I cant seem to get my plants as red as I used to. I have 4 wpg and pressurized co2. I dose some flourish, flourish iron, and some other trace element product. After upgrading to pressurized and 4 wpg I didnt change my dosing and I think I need to, to get the deeper reds I want. What products shoud I get that will make my plants more red?


----------



## Bert H (Mar 2, 2004)

It doesn't sound like you're adding any macros (K, NO3, PO4). With that much lighting, you really need to stay on top of your ferts or you're asking for algae. Shoot for a 10:2 NO3O4 ratio and see what happens. Many keep phosphates high in relation to nitrates for increased red coloration.


----------



## bbkid43 (Sep 10, 2004)

yea I'm not really dosing too much but I havent had any algae problems since the tank was set up. Does anyone know a good place to get cheap ferts?


----------



## chiahead (Dec 18, 2004)

try Gregwatson.com they have all the ingredients for a PMDD and seperate ferts.
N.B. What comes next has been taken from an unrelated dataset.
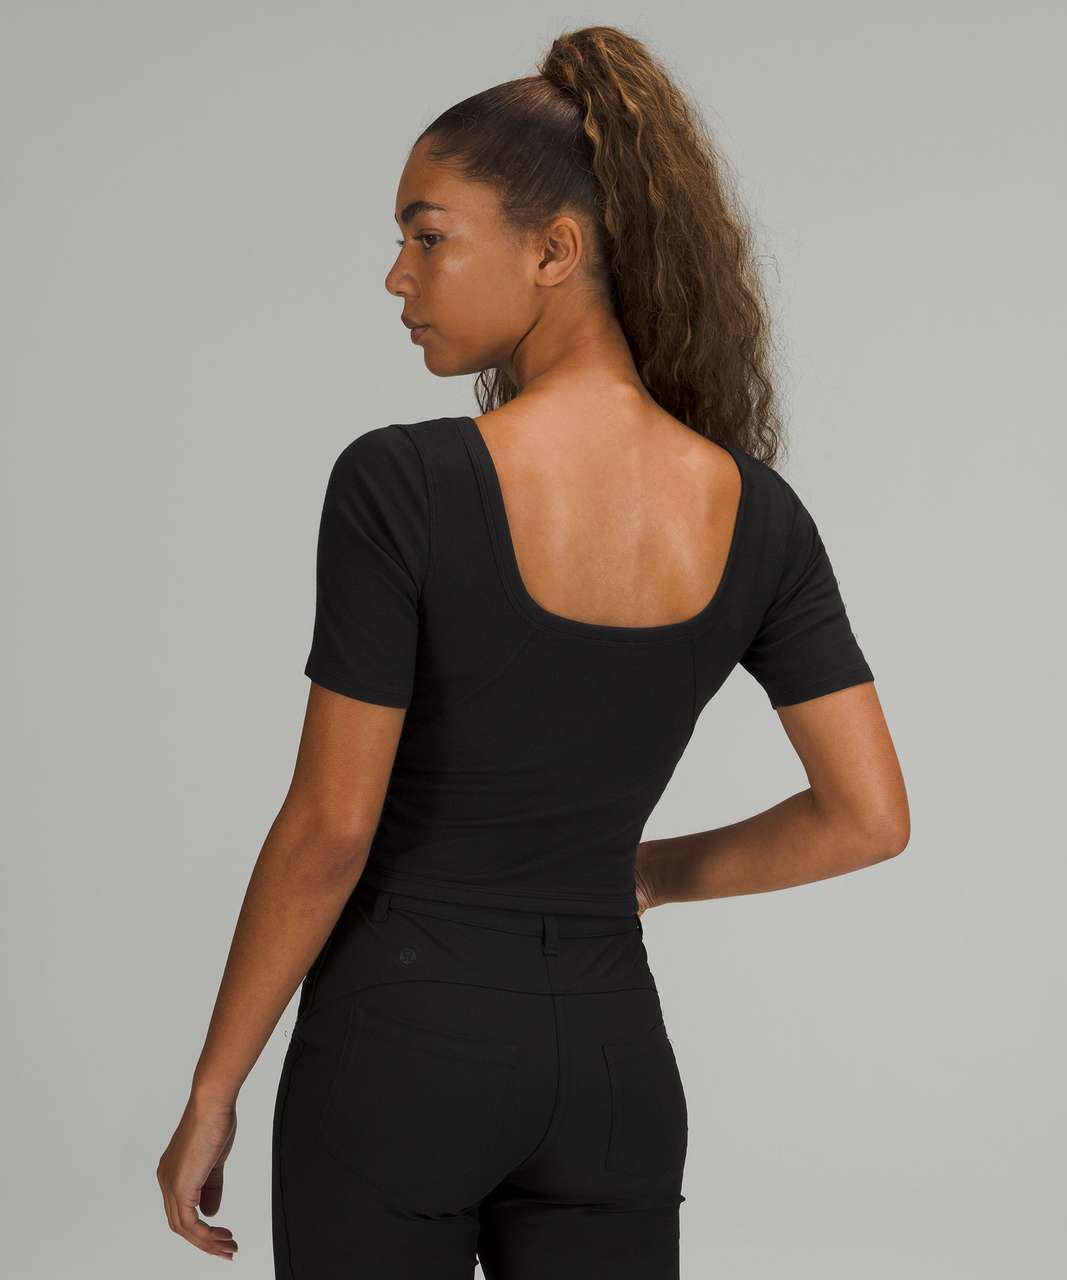 Lululemon Ribbed Held Tight Short Sleeve Shirt - Black

Plus they are cheap and come in 1 lb bags.


----------



## bbkid43 (Sep 10, 2004)

I am considering ordering some of the PMDD pre-mix. Would this be enough to give me most of my macro and micro nutrients?


----------



## chiahead (Dec 18, 2004)

I and most people buy the seperate ingredients and dose as needed. I tried the pmdd mix and I didnt like it. I dose flourish and then K2So4, Kno3, Mono Phosphate, and CaCl and MgSo4, plus excel.


----------



## Phil Edwards (Jan 22, 2004)

Lately I've seen that dosing more Iron in an otherwise nutritionally "full" tank will increase reddness in some plants. 

Best,
Phil


----------